* _Exercise instructions_: Give back exactly the lines of the entries below from the line with "Thelypodiopsis argillacea image" to the line with "Man Look Surprise Stockfotos", inclusive, and only those.

* _Records for this task_:
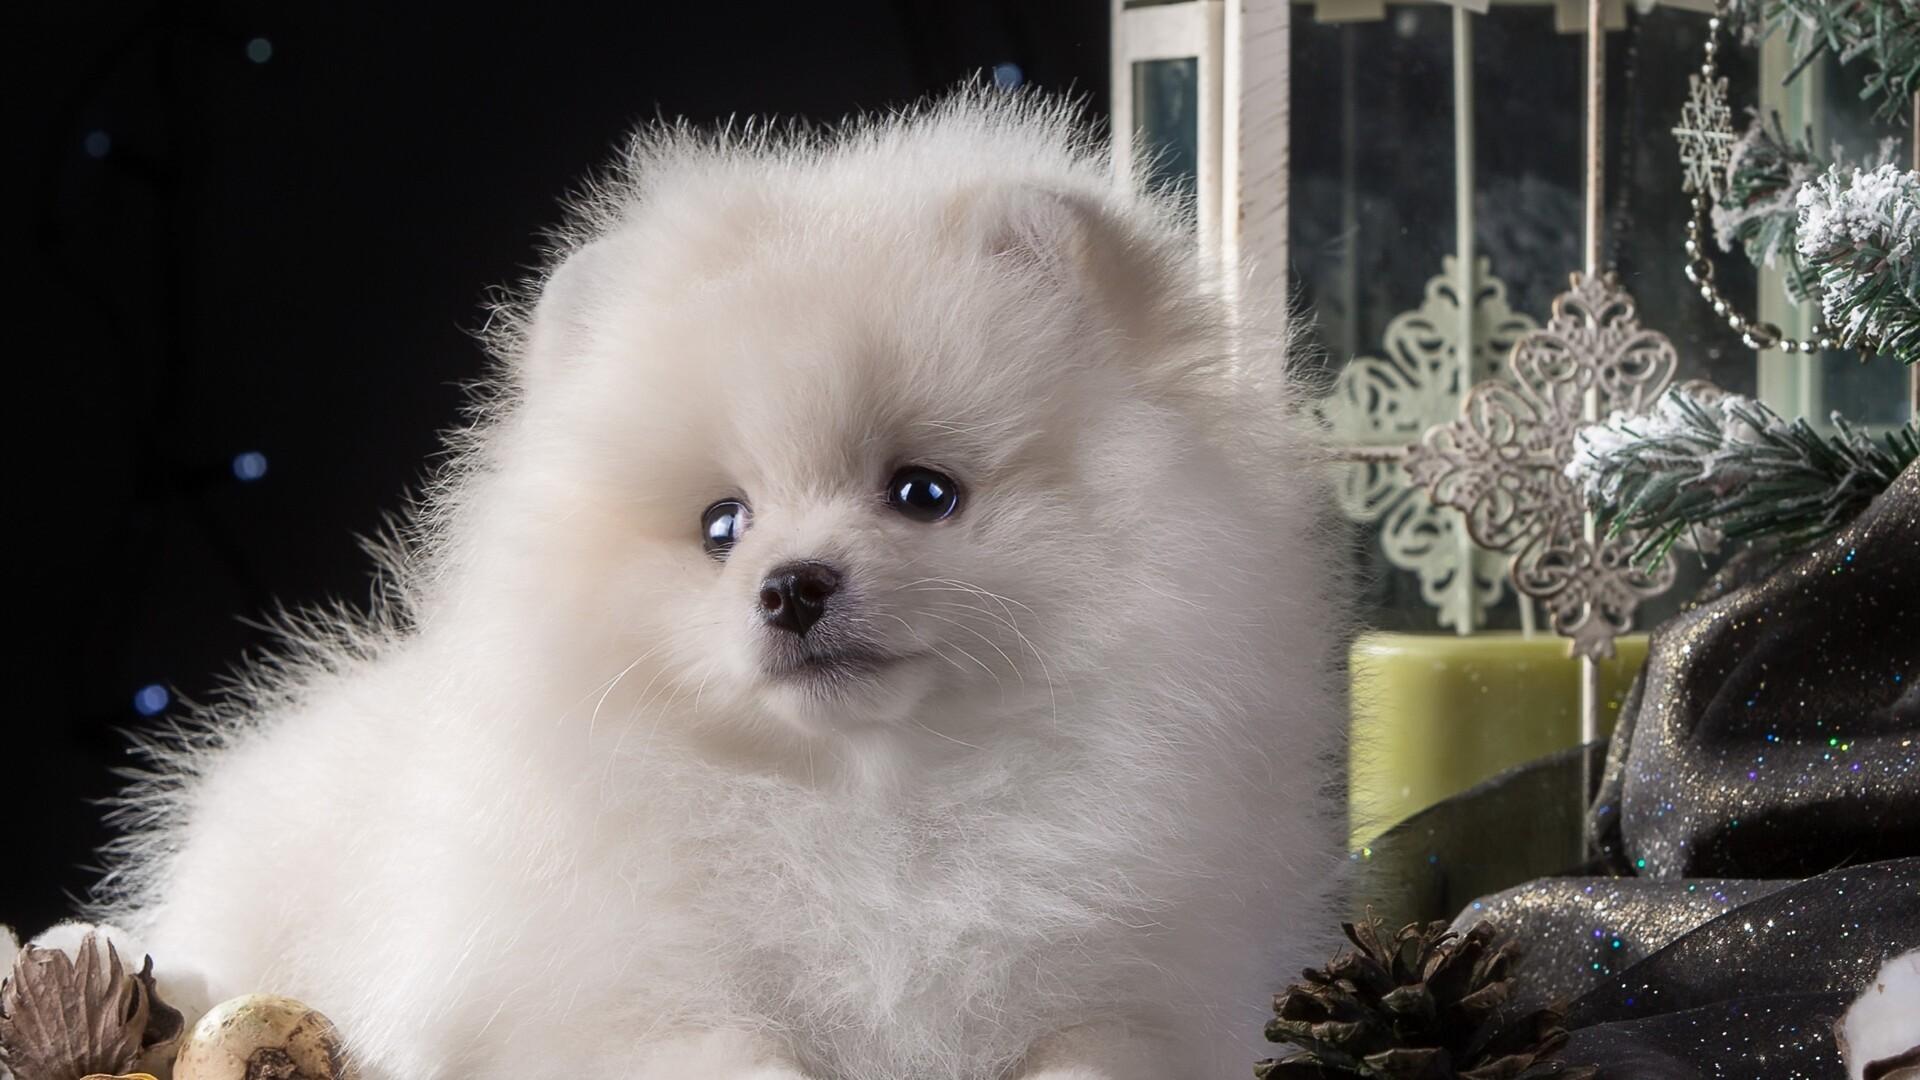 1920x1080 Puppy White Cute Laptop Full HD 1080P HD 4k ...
...
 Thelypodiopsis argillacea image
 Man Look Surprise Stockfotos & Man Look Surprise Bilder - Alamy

* _Exercise answer_:
 Thelypodiopsis argillacea image
 Man Look Surprise Stockfotos & Man Look Surprise Bilder - Alamy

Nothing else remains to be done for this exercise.